Le choix de la faculté pour les familles aux revenus modestes peut donc se révéler judicieux. Surtout dans la période actuelle, où les bourses se font rares et où les visas d’études sont de plus en plus difficiles à obtenir. D’après Makha Sy, directeur associé Sénégal au cabinet d’études Ernst & Young, « ce choix est d’autant plus pertinent que les universités sont devenues aussi sélectives que les grandes écoles ». Cet ancien étudiant de Sup de Co Paris a, par exemple, recruté des diplômés universitaires à bac+5 et en a fait des managers à part entière après cinq ans d’expérience chez Ernst & Young.
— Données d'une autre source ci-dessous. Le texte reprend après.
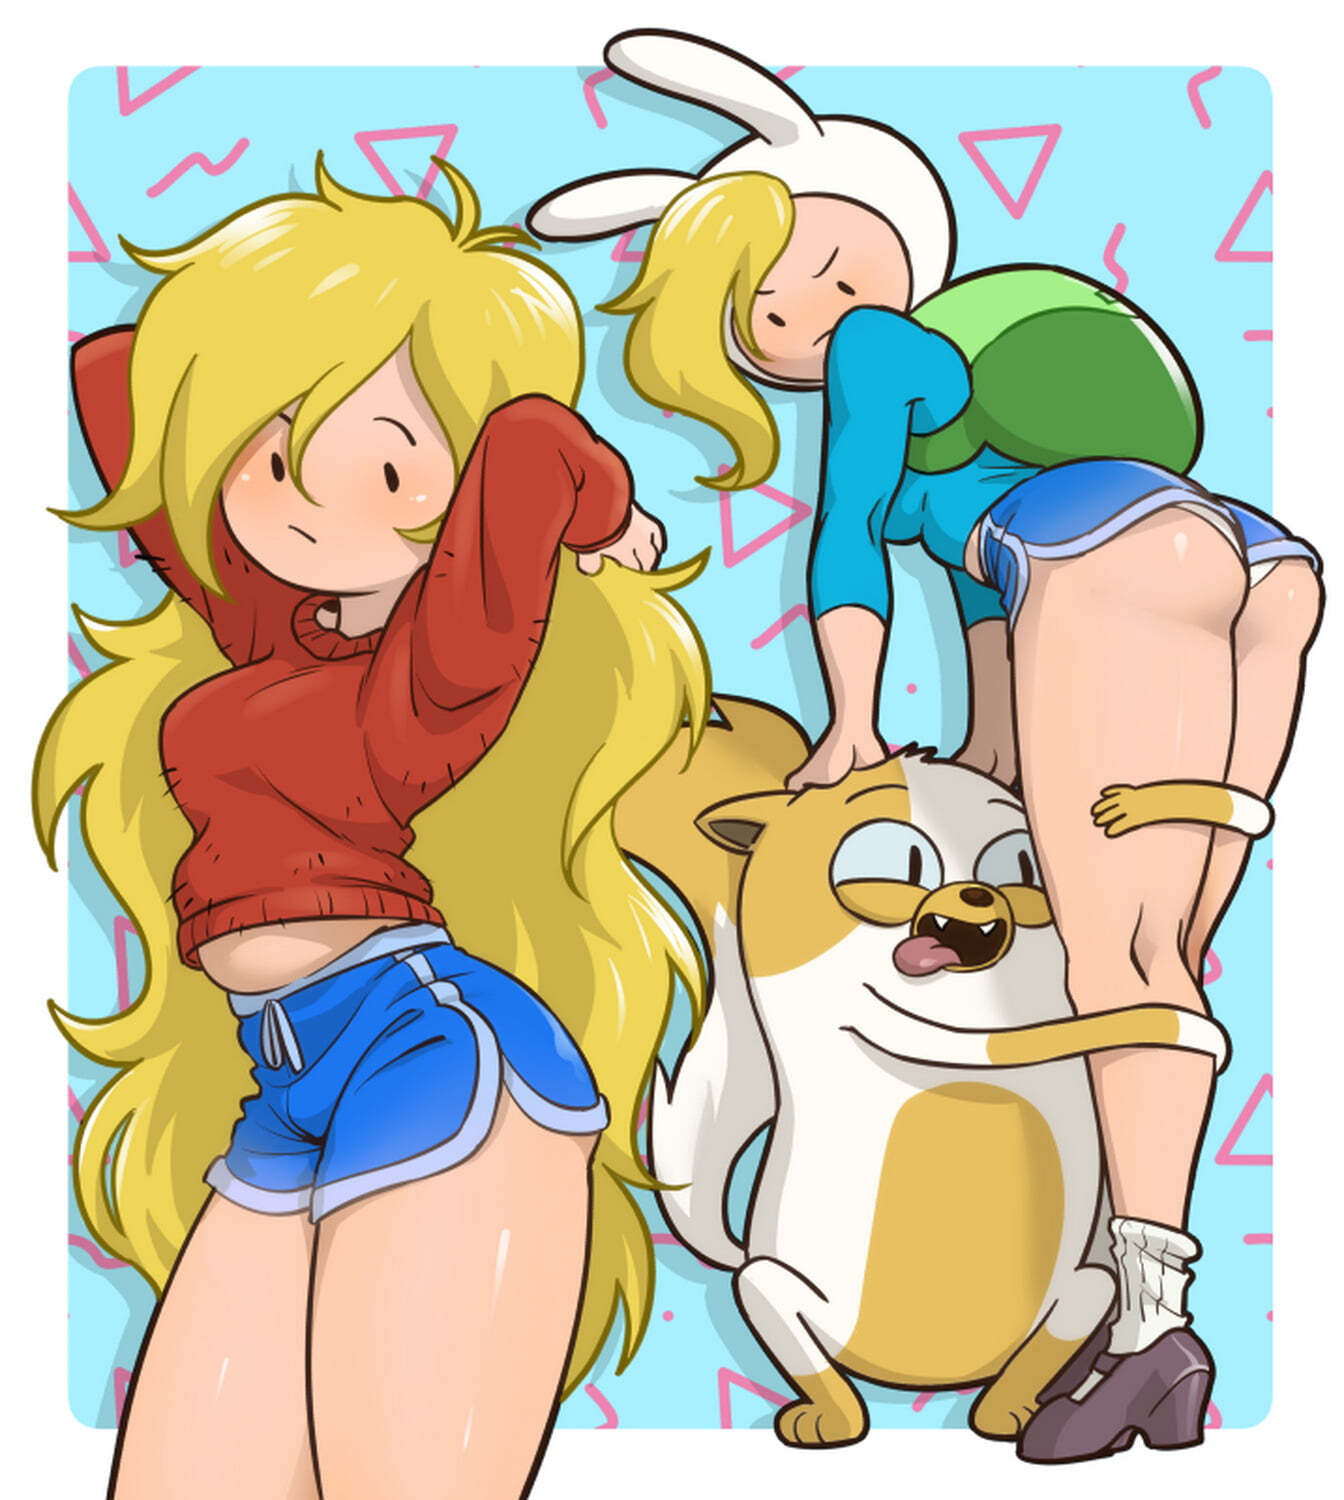 Human Cake Adventure Time Lesbian Porn - Cake The Cat and Fionna The Human Girl Blonde Thicc > Your Cartoon Porn

Quoi qu’il en soit, universités ou écoles, « les étudiants doivent avant tout tenir compte des réalités du marché du travail sur le continent africain s’ils veulent y occuper des postes importants », rappelle Didier Acouetey. En attendant, AfricSearch conseille aussi aux bons élèves désireux de se faire une place au soleil de bien identifier les secteurs porteurs avant de se lancer. D’ores et déjà, font remarquer certains spécialistes, on peut commencer par pointer les besoins. Les postes d’agents de maîtrise ou même d’employés administratifs (secrétaires de direction bilingue, assistantes de direction, agents administratifs polyvalents, etc.) ont encore du mal à être pourvus. Le choix de la formation ou de la spécialisation se fera donc en fonction des métiers qui vont fortement recruter. On peut ainsi identifier cinq grandes filières d’avenir : les télécoms, la banque, l’agroalimentaire, le marketing et la vente, ainsi que la gestion.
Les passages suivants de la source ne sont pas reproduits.